Medido ao longo do tempo, o valor reflete o caráter bivalente da mercadoria. De um lado ela é algo socialmente útil, socialmente desejada e só é trocada como tal. De nada adiantaria passar infinitas horas produzindo uma mercadoria que não será comprada por ninguém. Pelo outro lado, ela é trabalho humano cristalizado. Não só trabalho especializado qualitativamente, mas, na troca, o valor é a medida do trabalho abstrato, meramente quantitativo, caracterizado por ser trabalho humano apenas. E o valor é o mínimo de esforço, medido ao longo do tempo que uma sociedade leva a produzir um bem socialmente útil.
Esse esforço de produção, ou seja, o trabalho humano é uniformizado, comum a todas as mercadorias, sendo, portanto, diretamente permutável. As mercadorias e suas diversidades de usos, formas e cores, têm em comum o fato de serem resultado de esforço humano, dispêndio de músculos, neurônios, ATP etc. Essa unidade-padrão das trocas leva à adoção, ao longo do desenvolvimento histórico, de uma mercadoria que expressa esse valor em todas as demais mercadorias, essa mercadoria exerce o papel de dinheiro.
O produto do trabalho, portanto, não é mais permutado diretamente no mercado, mas por intermédio do dinheiro. Tudo que é produzido passa a ter seu valor expresso em termos dessa mercadoria universal e a posse dela passa a ser a condição necessária e suficiente para “usar” qualquer outra mercadoria disponível no mercado.
A intermediação do dinheiro nas relações de troca desenvolve o que Marx intitula o “fetichismo da mercadoria”. As coisas, sendo mero produto do trabalho humano, se relacionam com outras coisas, também produtos do trabalho humano, como se fossem entes autônomos e não a expressão de uma formação social. O produtor, no mercado, se preocupa em vender a sua mercadoria, obter dinheiro e com ele satisfazer o seu desejo individual por uma terceira mercadoria a qual consume. Ou seja, a relação entre produtores e consumidores é uma relação baseada na auto-satisfação. O produtor não produz o que imagina ser necessário à sociedade ou ao seu “próximo”, mas o que vai satisfazer a sua própria demanda imediata por dinheiro, que por sua vez representa o conforto de poder consumir qualquer outra mercadoria.Nas palavras de Marx: “Há uma relação física entre coisas físicas. Mas, a forma mercadoria e a relação de valor entre os produtos do trabalho, a qual caracteriza essa forma, nada tem a ver com a natureza física desses produtos nem com as relações materiais dela decorrentes. Uma relação social definida, estabelecida entre os homens, assume a forma fantasmagórica de uma relação entre as coisas. Para encontrar um símile, temos de recorrer à região nebulosa da crença. Aí, os produtos do cérebro humano parecem dotados de vida própria, figuras autônomas que mantém relações entre si e com os seres humanos. É o que ocorre com os produtos da mão humana, no mundo das mercadorias. Chamo a isto de fetichismo, que está sempre grudado aos produtos do trabalho, quando são gerados como mercadorias. É inseparável da produção de mercadorias”.
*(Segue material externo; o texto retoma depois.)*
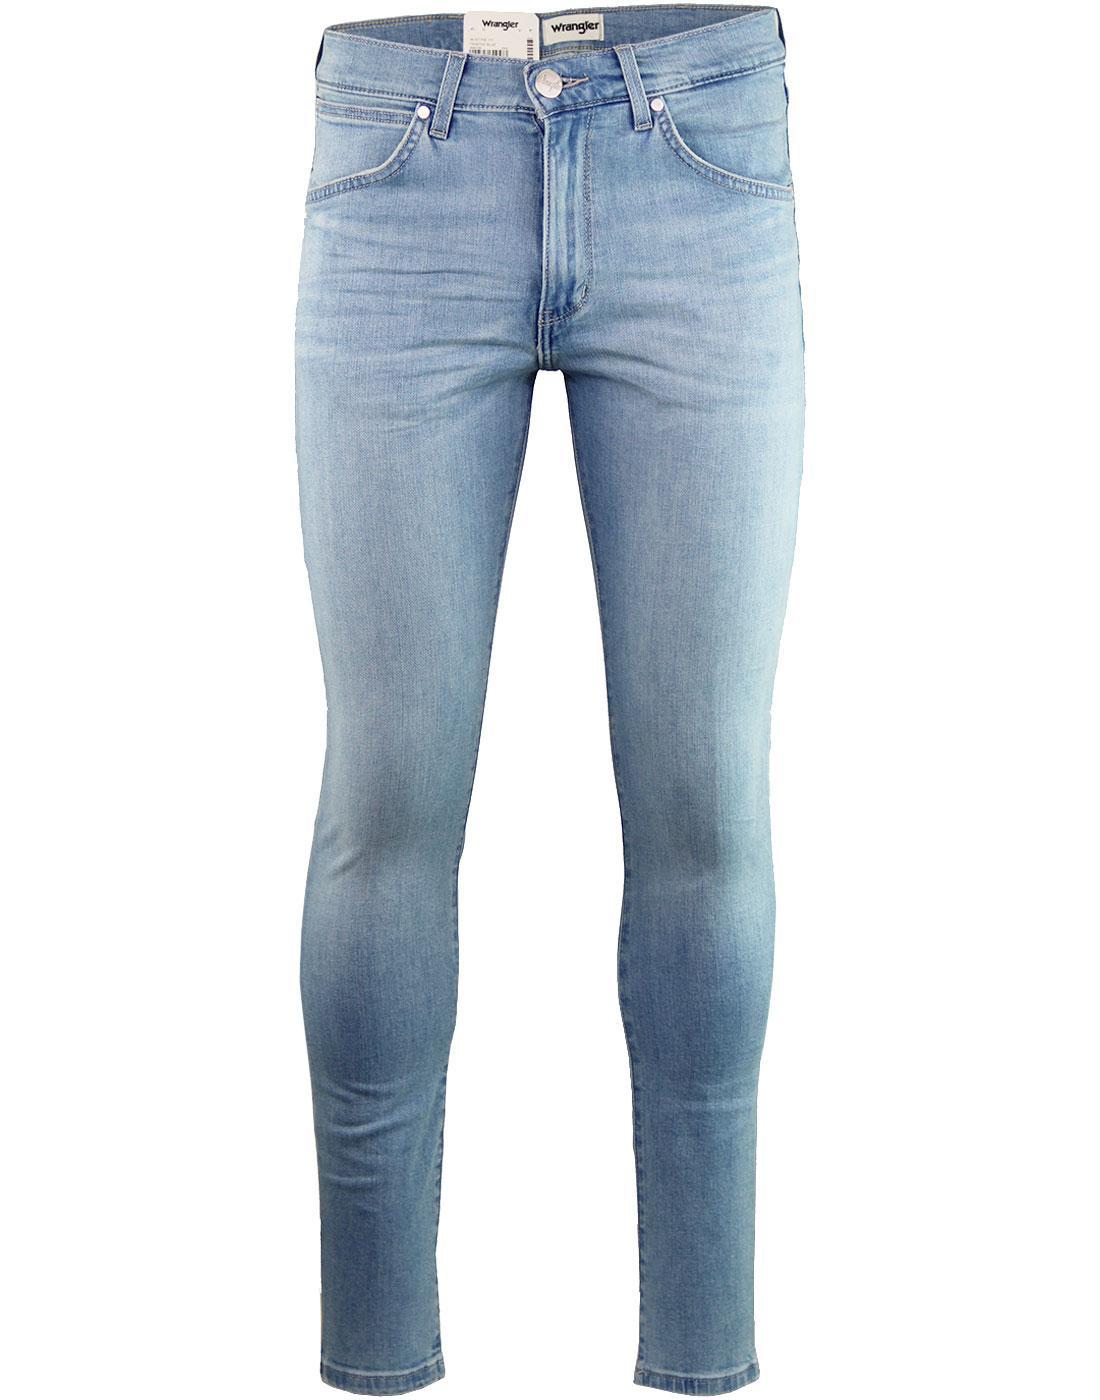 Strangler WRANGLER Men's Indie Super Skinny Jeans

O desenvolvimento do comércio e as condições históricas ligadas ao desenvolvimento da indústria capitalista, desenvolve exponencialmente uma progressiva mercantilização da vida. Todas as relações humanas, morais e carnais são concebidas na esfera do mercado. “A produção de mercadorias e o comércio, forma desenvolvida da circulação de mercadorias, constituem as relações históricas que dão origem ao capital”.
Ocorre, com o desenvolvimento da indústria capitalista, uma metamorfose nas relações de troca. O valor de uso de todas as mercadorias, com exceção do dinheiro, deixa de ser o ponto de partida da produção. A produção se inicia com o dinheiro e termina com ele também. Mas não tautologicamente, com o dinheiro pelo mesmo dinheiro de antes, mas o dinheiro incrementado, capitalizado. As relações econômicas seguem, então, a forma Dinheiro-Mercadoria-Dinheiro, sendo este ultimo, dinheiro capitalizado, incrementado, ou seja, D – M – D'.
A nuvem de fumaça que interpõe a economia clássica da realidade é justamente o mecanismo de capitalização do dinheiro. Para que o dinheiro se multiplique, o capitalista tem que encontrar no mercado uma mercadoria especial “cujo valor-de-uso possua a propriedade peculiar de ser fonte de valor, de modo que consumi-la seja realmente encarnar trabalho, criar valor, portanto.” E essa mercadoria, ele encontra, é o trabalho humano.
A fonte fundamental de capital, ou seja, a fonte de ampliação de valor, é o trabalho humano que o capitalista compra, basicamente, pelo valor de sua manutenção. O que o capitalista adquire é a força de trabalho, em troca da reposição de suas necessidades básicas. Mas é sabido que há muito tempo a evolução das forças produtivas permitiram à humanidade a produção de excedentes. Somente em formas primitivas de agricultura e economia natural, as necessidades humanas consumiam todo o tempo de todos os humanos. Com o estágio desenvolvido da indústria capitalista, as necessidades de produção e reprodução do trabalho, constituem nada mais que uma fração do dia de trabalho do trabalhador, sendo todo o tempo restante extorquido pelo capitalista.
A exploração do trabalho, portanto, é a condição essencial do lucro capitalista. Diferente da economia vulgar e mesmo a escola austríaca contemporânea que identificam a realização do lucro como ato de puro comércio, extorsão do consumidor ou prejuízo do produtor. Segundo Marx, qualquer venda ou compra acima do valor representa a perda de um lado e ganho do outro, não havendo, portanto ganho real no conjunto.
O teorema fundamental da economia marxista, que apresenta interessantes provas econométricas², por exemplo, a apresentada pelo economista japonês Michio Morishima, é o de que a exploração de trabalho excedente é a condição essencial de lucro positivo. Isso, portanto, se desenha como a solução prática do problema fundamental perseguido por Marx e o seu desdobramento atinge os campos mais interessantes da filosofia e teoria política ao permitir a interpretação das estruturas sociais a partir da correlação de forças e o conflito de interesses entre o capital e o trabalho.
Notas:
1. A igualdade entre homens e mulheres, mesmo perante a lei, não existe nem na maioria das sociedades liberais da atualidade, muito menos no tempo em que Marx escreveu a sua obra.
2. Assim como a maior parte das provas produzidas pela economia tem pouco dinamismo empírico, apresentando, do contrário, uma superioridade retórica em relação a teorias adversárias, uma ampla parcela da economia marxista apresenta uma fecundidade de teoremas e construções abstratas de onde derivam as provas de suas leis econômicas. Entretanto, Marx não é cientificista, neutro e nem propõe uma objetividade isenta a suas teorias. No decorrer de sua obra, é sensível opções arbitrárias pelo elemento humano e pela ética hegeliana.